BS Ekonomi Bağımsız Medyasını Destekleyin
Eğer abone iseniz giriş yapınız.
Şirket sahiplerine dünyanın neresinde olursa olsun iş gücü hakkında soru sorduğunuzda, benzer bir şikayet duyarsınız: İşe alım yapmanın zor olduğu. Amerika’da işsizlik düşükken firmaların üçte biri uygun niteliklere sahip çalışan bulmakta zorlandıklarını söylüyor. İşsizliğin yüksek olduğu İtalya’da bile şirketlerin dörtte biri benzer bir sıkıntıyı dile getiriyor. Ancak iş gücü açığı kavramı gerçekte ne kadar doğru?
İş gücü açığı terimi genellikle yanıltıcıdır.
Ekonomide iş gücü talebi arzın üzerinde olduğunda maaşlar yükselir. Örneğin, pandemi sonrası harcamaların artmasıyla şirketler çalışan bulmak için rekabete girince ücretler arttı. G10 ülkelerinde ortalama maaşlar 2019’dan bu yana %20 yükseldi. Ancak ekonomideki iş gücü açığı enflasyonu körüklediğinden, yalnızca ücret artışı ile bu sorun çözülemiyor. Merkez bankaları, iş gücü talebini dengelemek için faiz oranlarını yükseltmek zorunda kalıyor.
Mikro düzeyde ise “iş gücü açığı” gerçekte ücret ve dağılım meselesidir.

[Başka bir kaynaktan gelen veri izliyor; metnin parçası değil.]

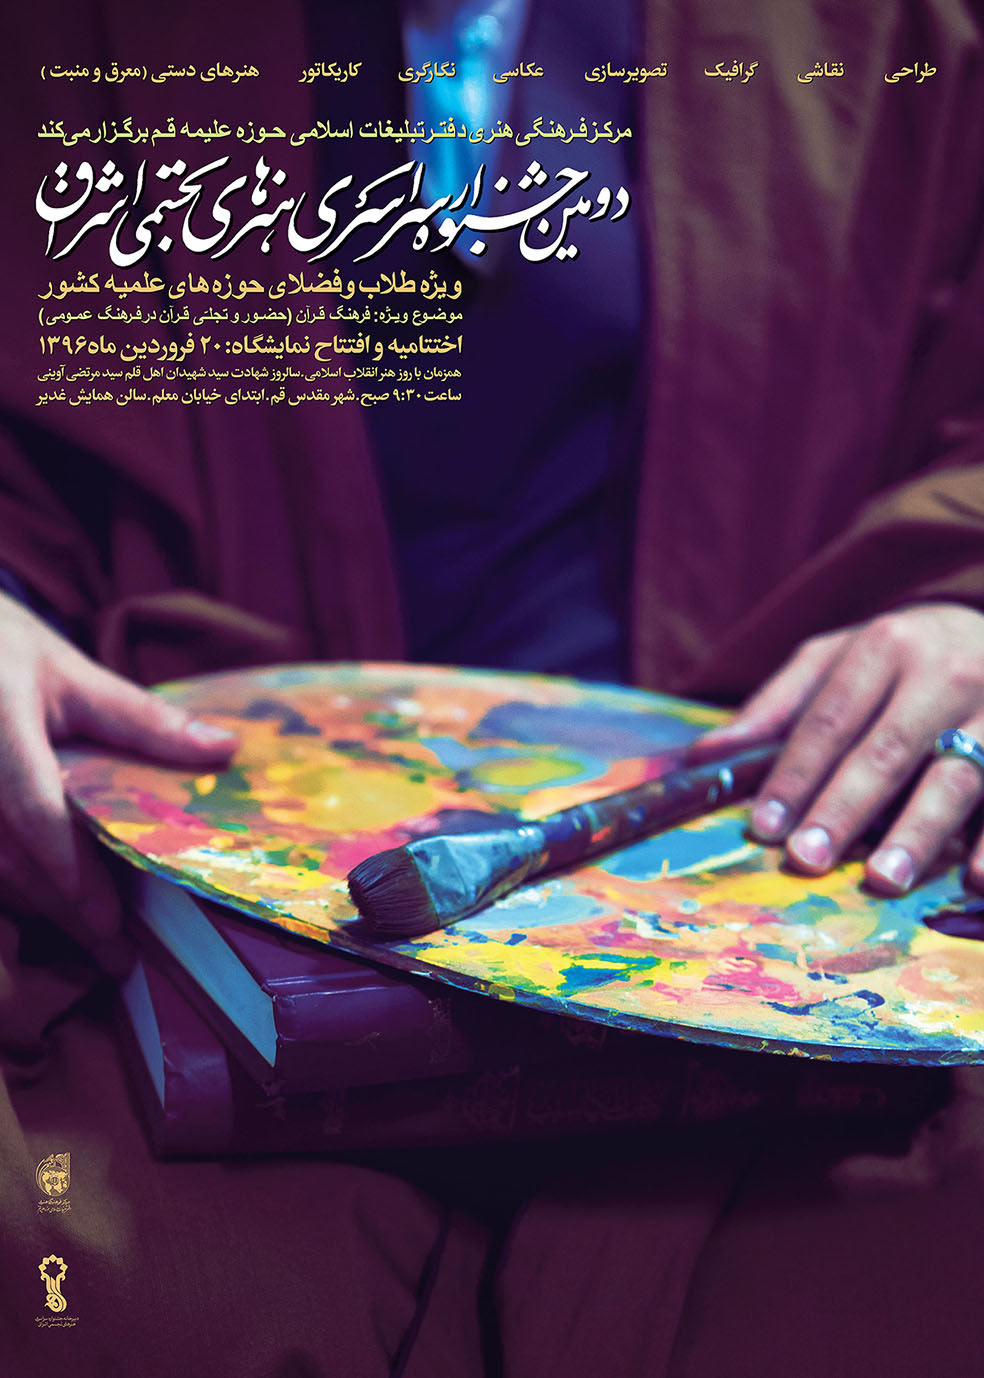 دومین جشنواره سراسری هنرهای تجسمی اشراق برگزار می شود

Örneğin bir çiftlik sahibi, “sebze toplayacak işçi bulamıyorum” diyorsa, aslında şunu kastediyor: “Bu işi yapmak için ödemek istediğim ücretle kimse çalışmak istemiyor.” Yani iş gücü açığı ifadesi, bir piyasa gerçeğini değil, belirli bir ücret seviyesinde daha fazla çalışanın olması gerektiği yönünde bir beklentiyi yansıtıyor.
İstatistiklere bakıldığında iş gücü açığı iddiası çoğu zaman çürütülüyor.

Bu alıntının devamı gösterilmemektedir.